_About this exercise_
Retype each line of the material exactly, please, skipping any picture in it.

_Data extract_

_____

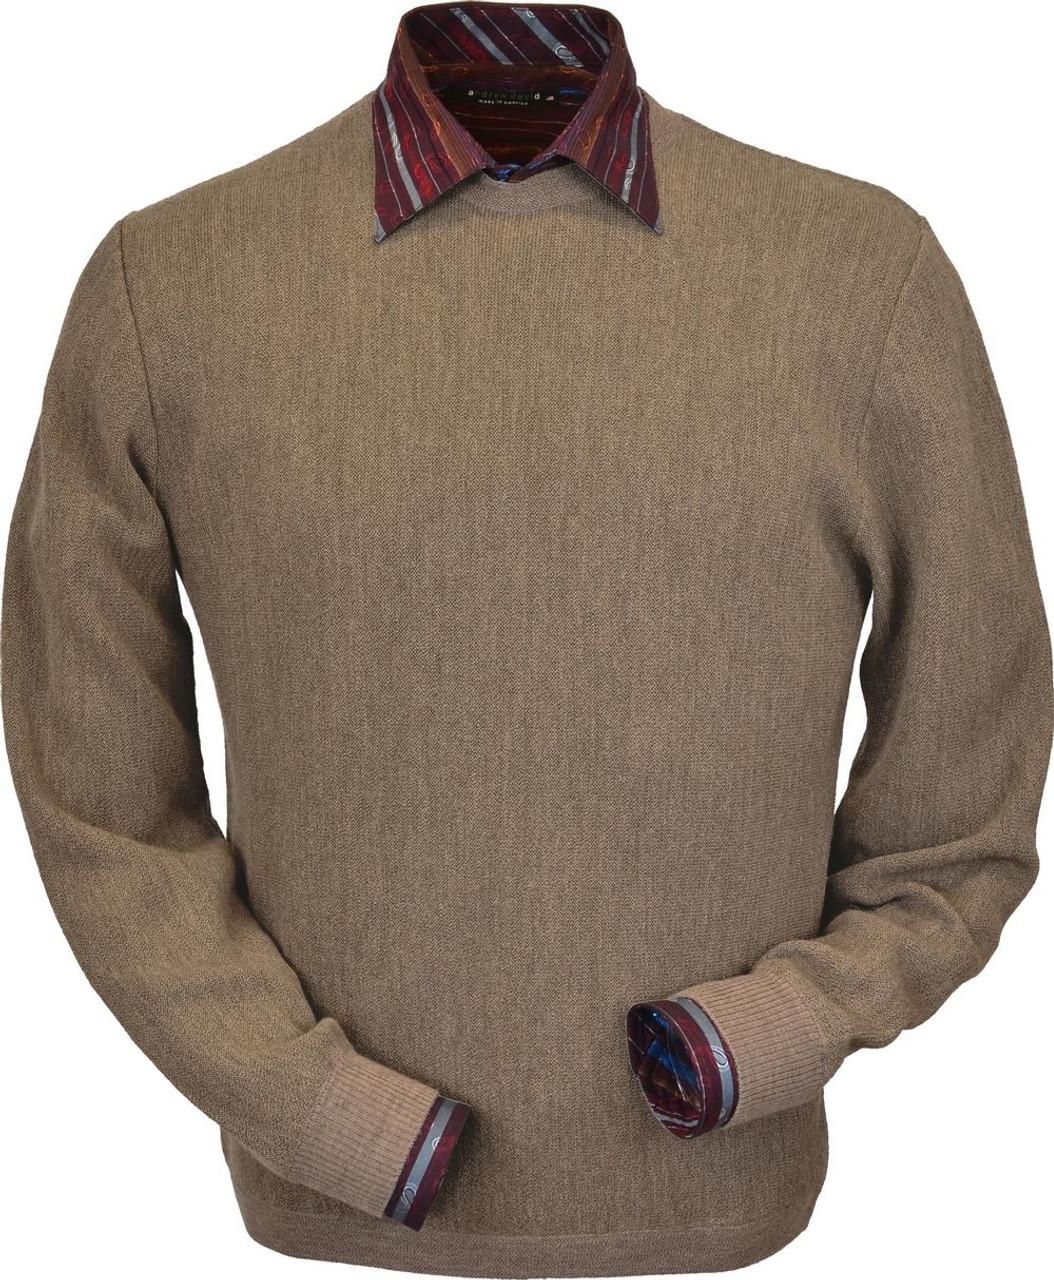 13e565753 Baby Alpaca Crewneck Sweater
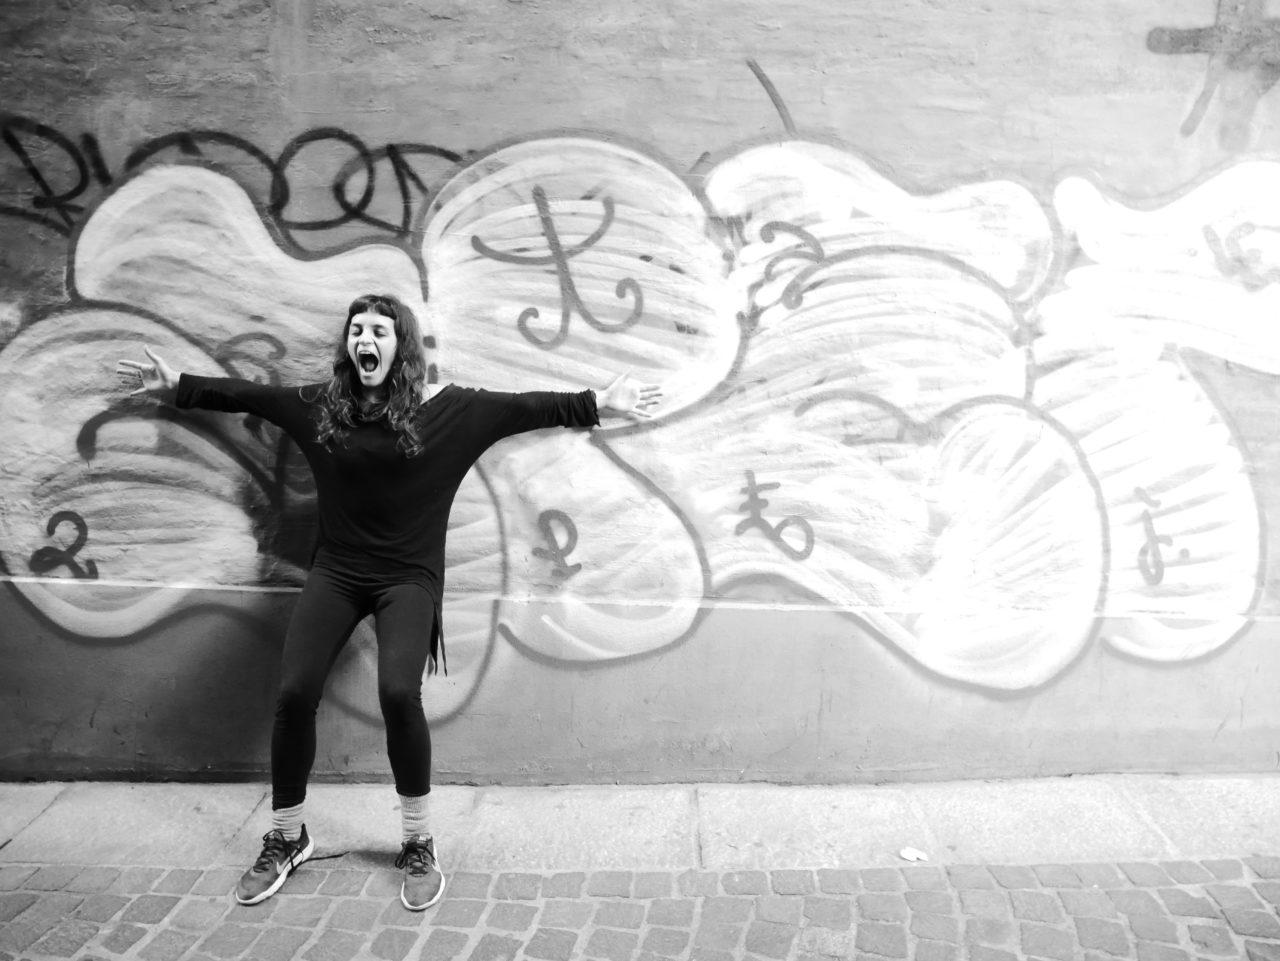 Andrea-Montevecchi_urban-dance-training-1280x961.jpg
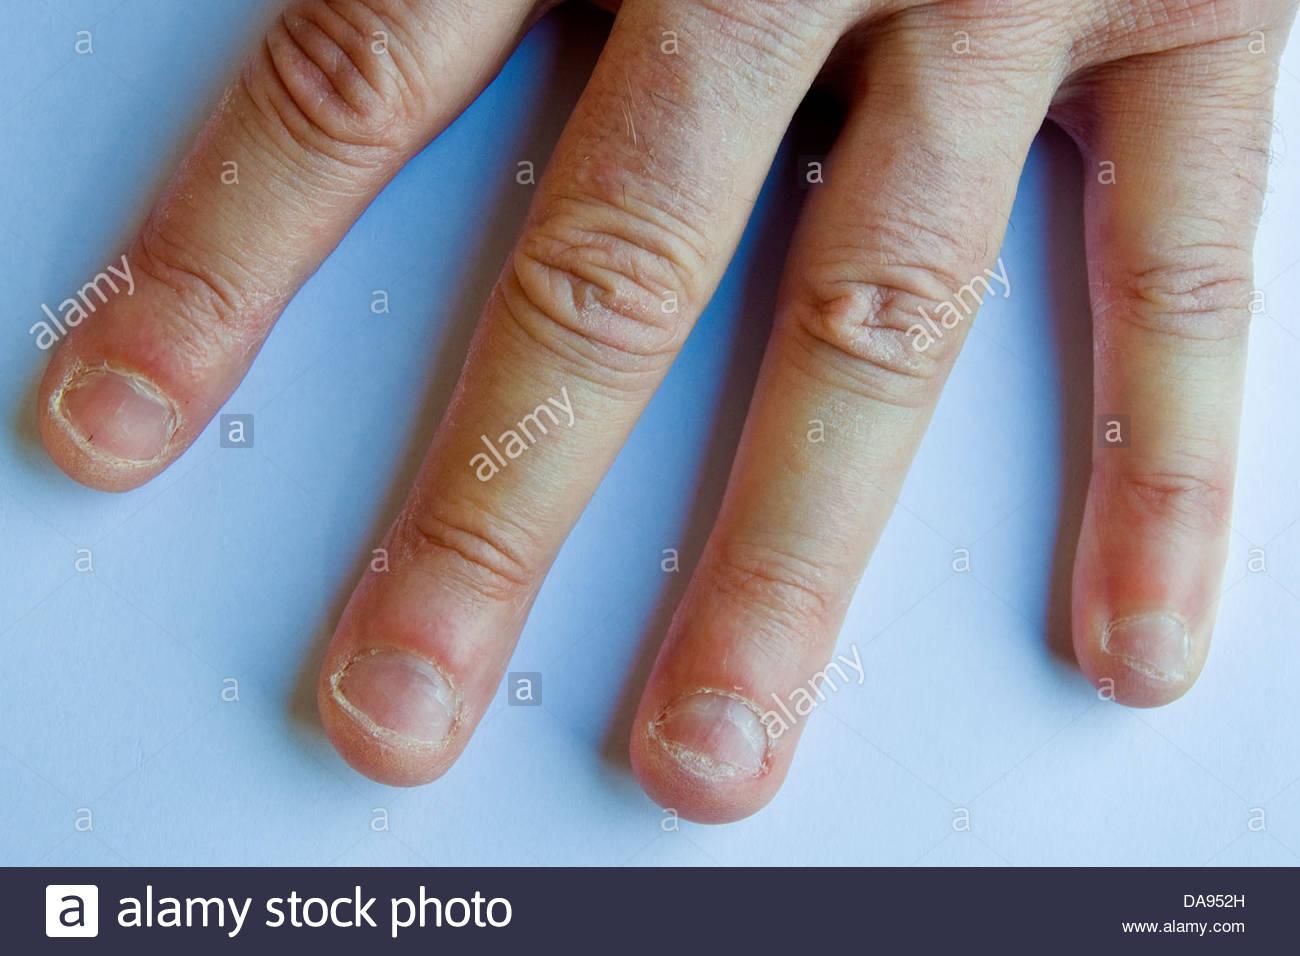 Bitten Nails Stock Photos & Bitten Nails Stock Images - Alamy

_____

_Problem solution_
 13e565753 Baby Alpaca Crewneck Sweater
 Andrea-Montevecchi_urban-dance-training-1280x961.jpg
 Bitten Nails Stock Photos & Bitten Nails Stock Images - Alamy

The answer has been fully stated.